Set down again exactly the lines of the listing below that fall between the line holding "Minimal landscape photo Website Template" and the line holding "Laurel tree clipart", inclusive.

━━━ Data supplied ━━━

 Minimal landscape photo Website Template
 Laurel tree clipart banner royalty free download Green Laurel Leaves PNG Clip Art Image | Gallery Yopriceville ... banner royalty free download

━━━
━━━ Data supplied ━━━

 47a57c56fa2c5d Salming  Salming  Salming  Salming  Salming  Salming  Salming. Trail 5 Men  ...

━━━
━━━ Data supplied ━━━

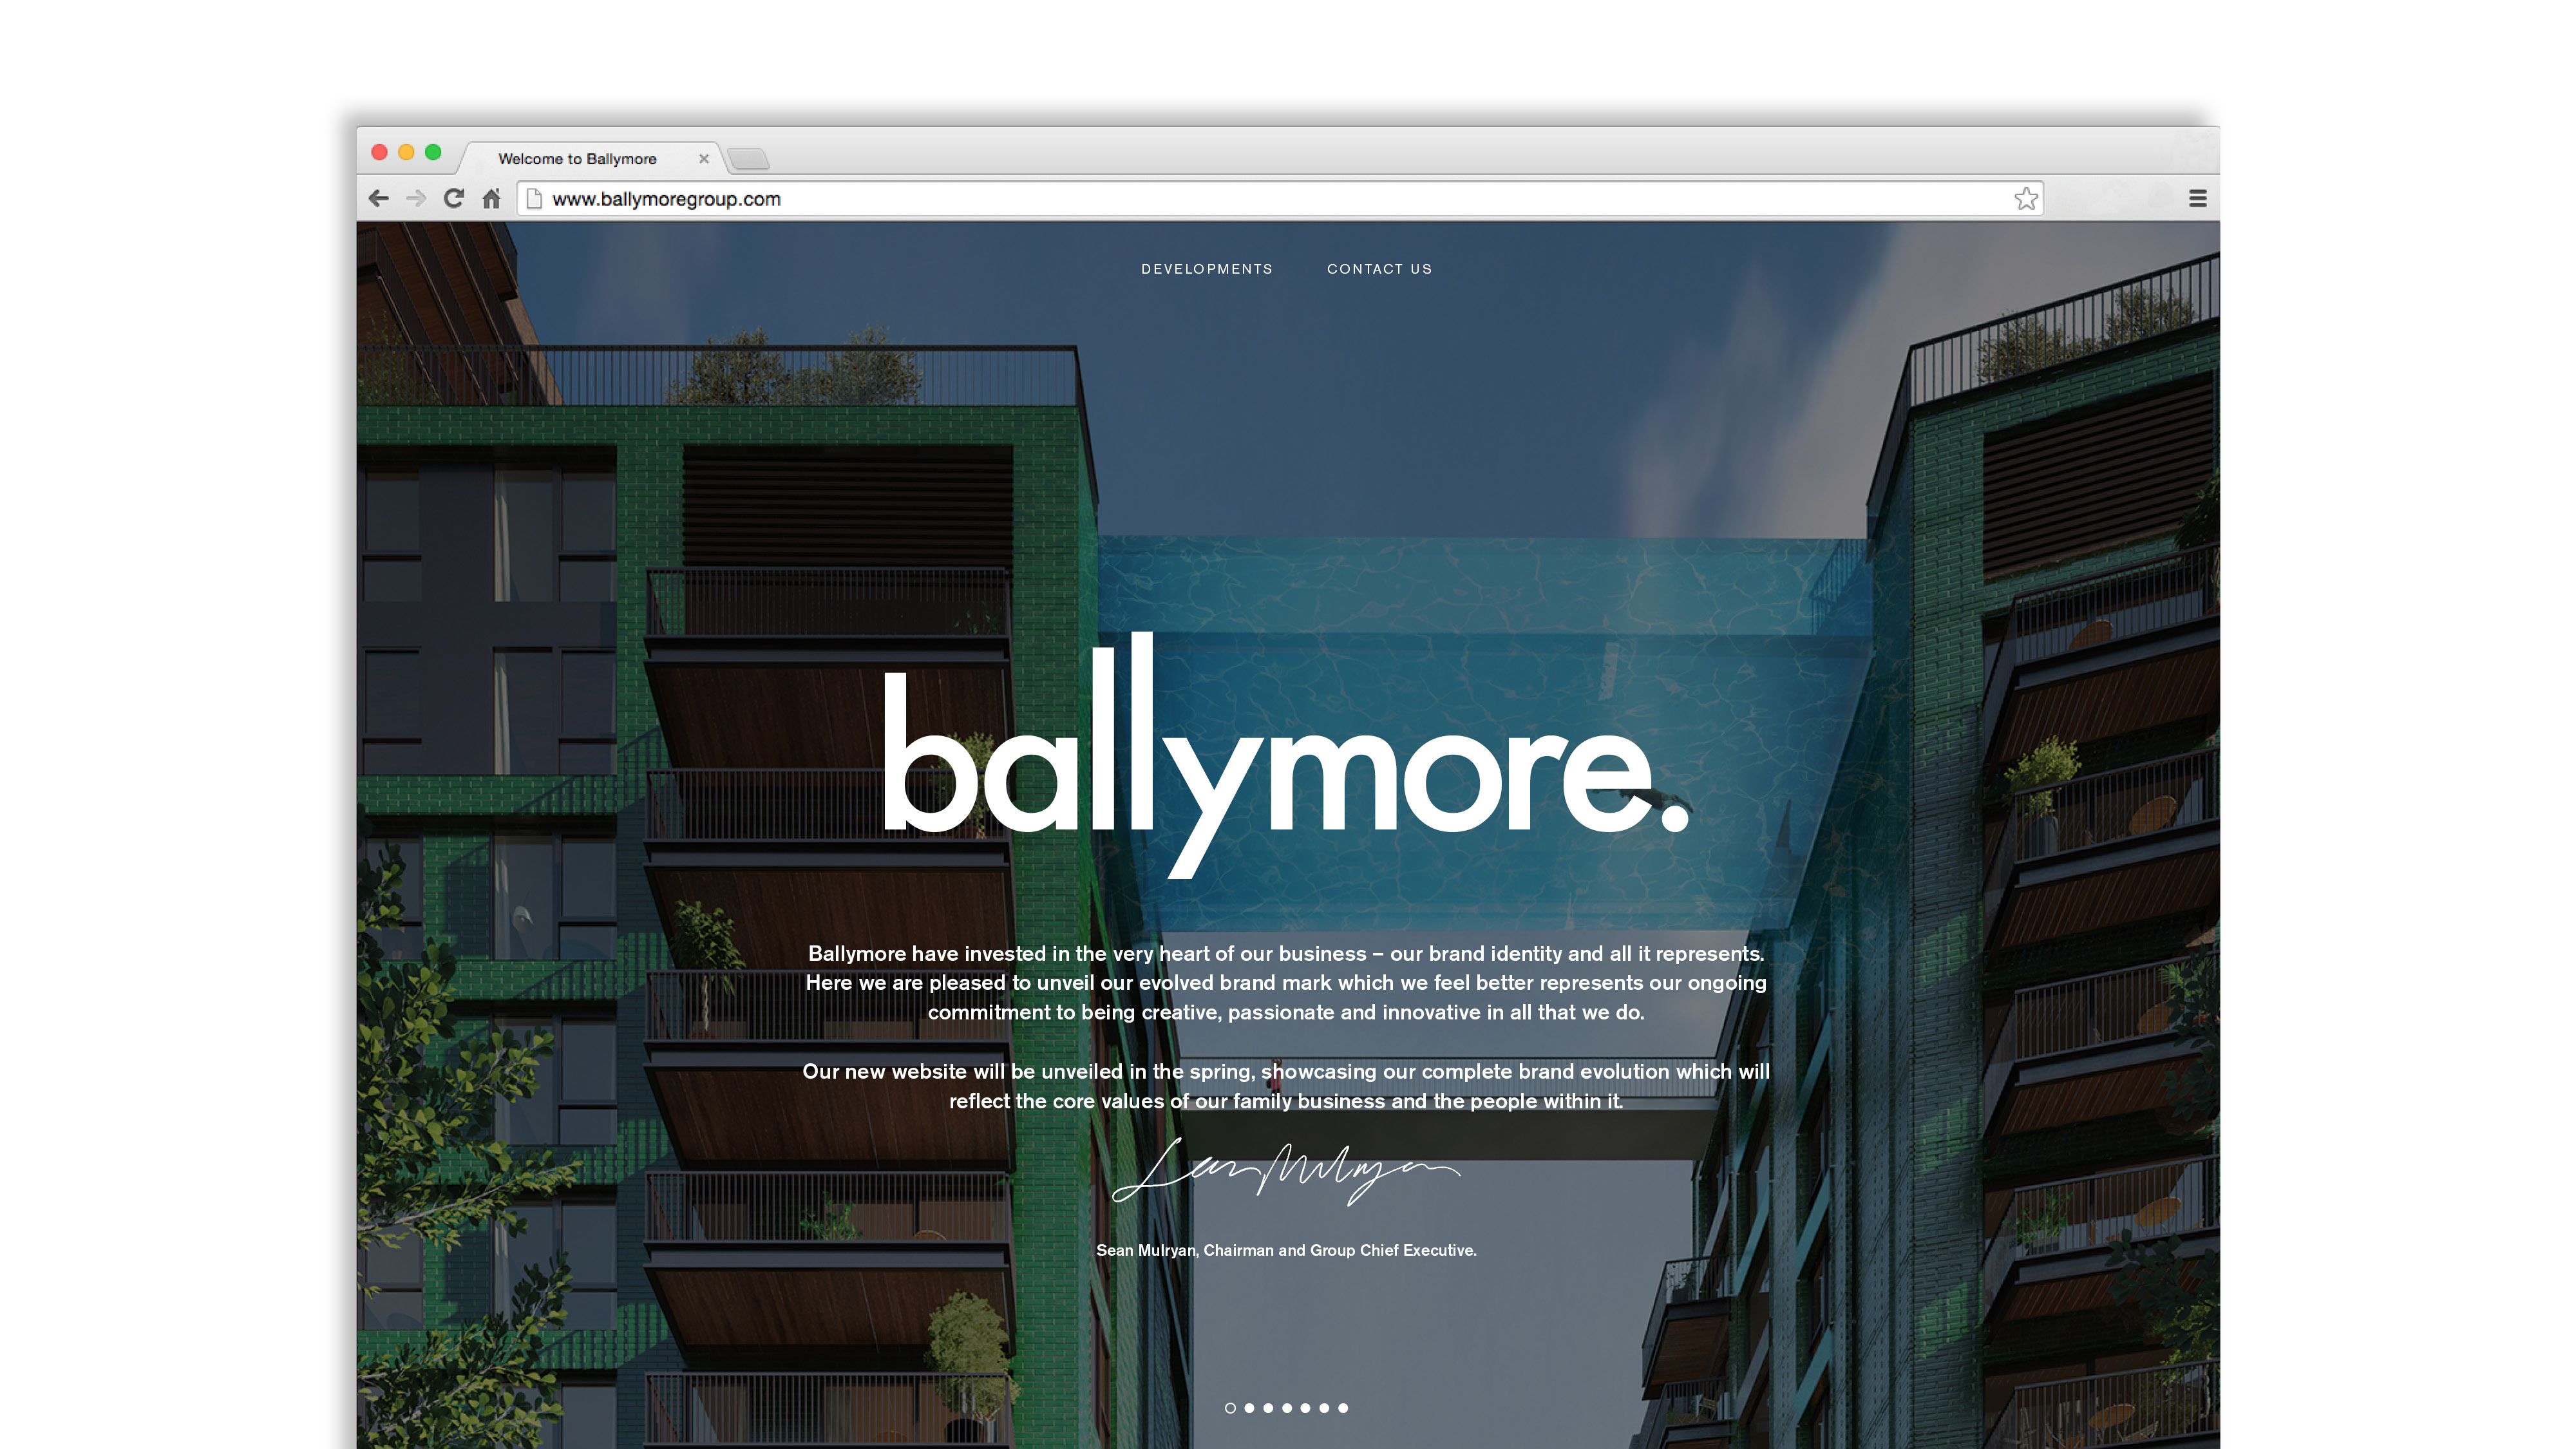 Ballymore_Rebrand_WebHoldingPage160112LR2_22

━━━

Result for this exercise:
 Minimal landscape photo Website Template
 Laurel tree clipart banner royalty free download Green Laurel Leaves PNG Clip Art Image | Gallery Yopriceville ... banner royalty free download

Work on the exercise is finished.